_Exercise brief_
Only text belongs in your copy of the listing below; reproduce it exactly and leave out the pictures.

_Data extract_
((
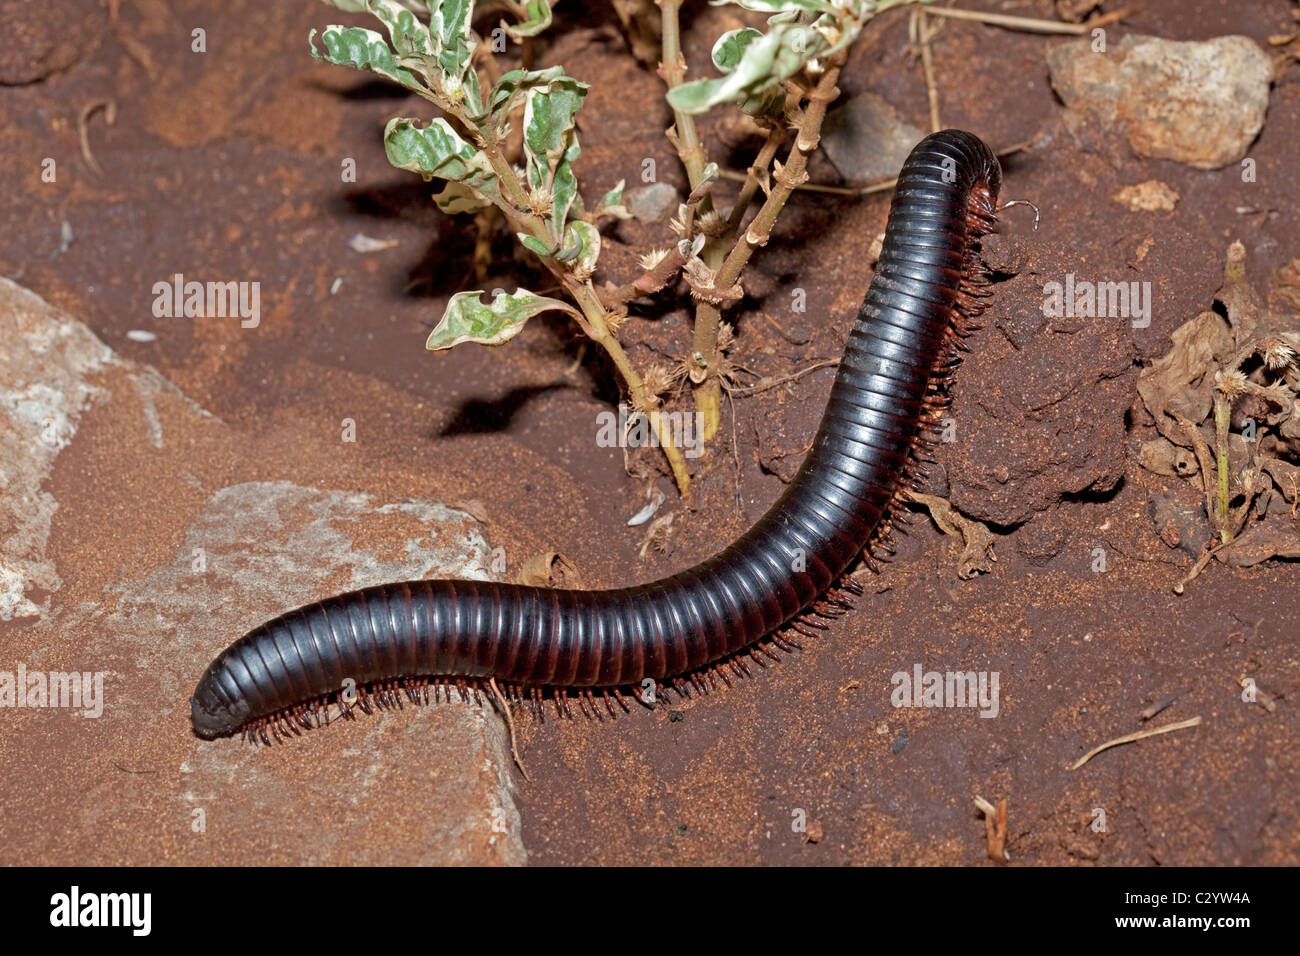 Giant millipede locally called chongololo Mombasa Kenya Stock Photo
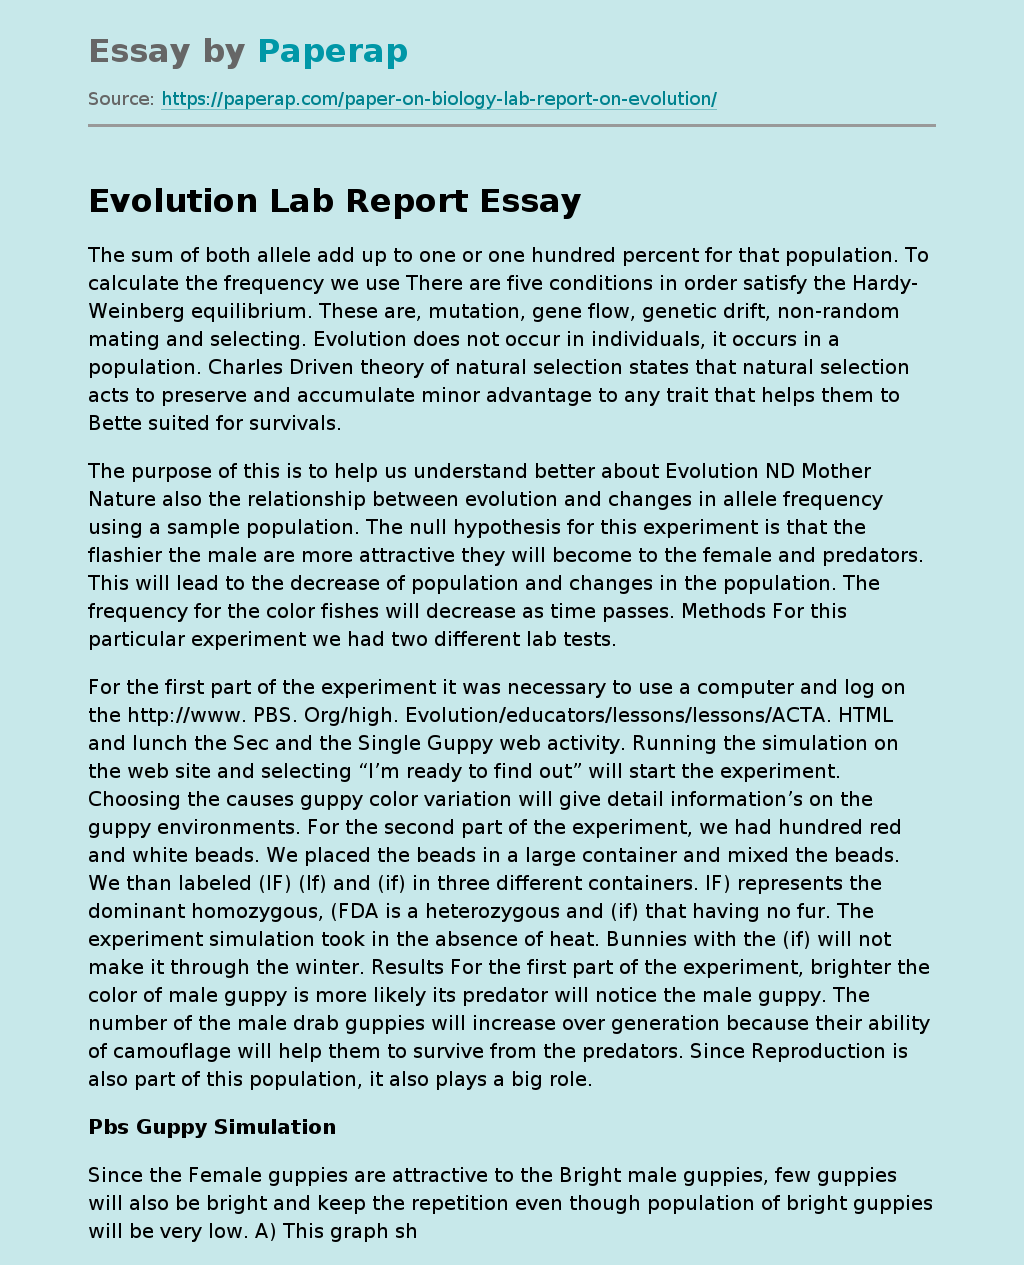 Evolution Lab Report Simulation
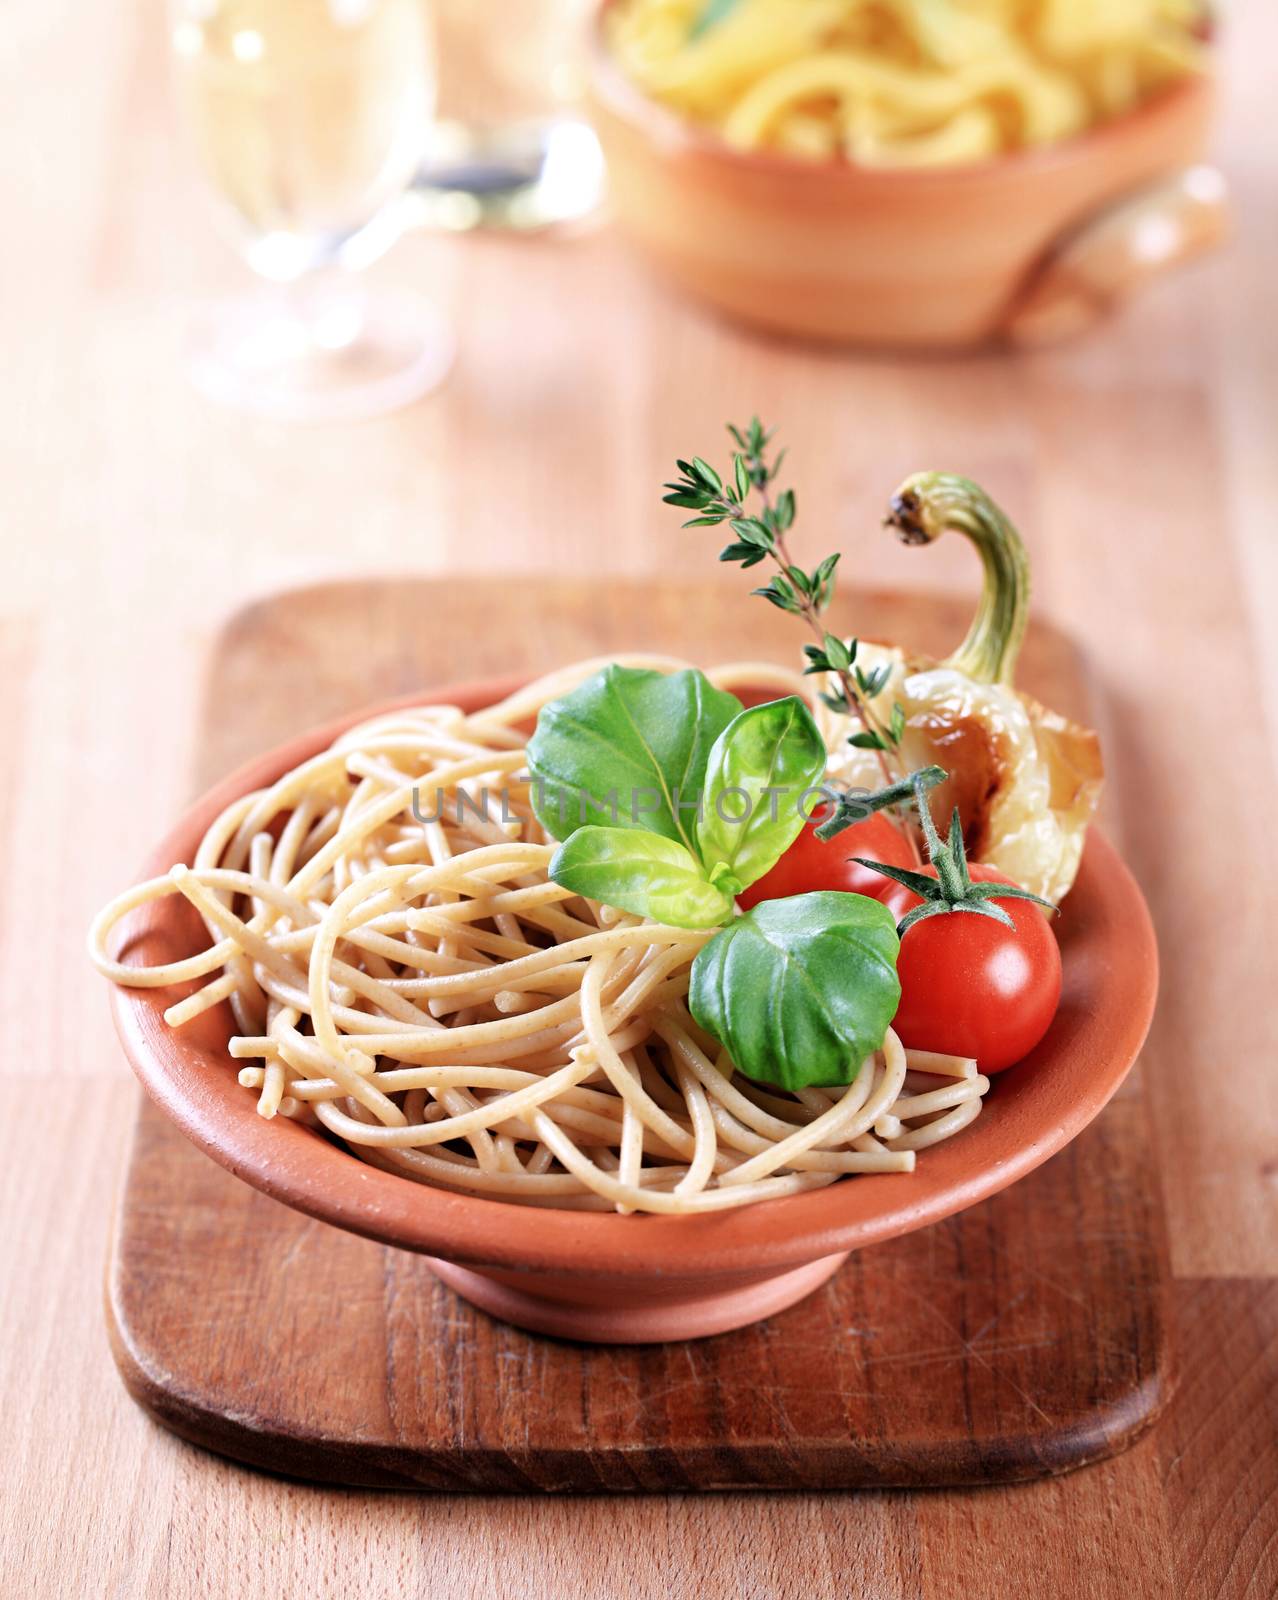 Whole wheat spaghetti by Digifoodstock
))
_Result of the exercise_
 Giant millipede locally called chongololo Mombasa Kenya Stock Photo
 Evolution Lab Report Simulation
 Whole wheat spaghetti by Digifoodstock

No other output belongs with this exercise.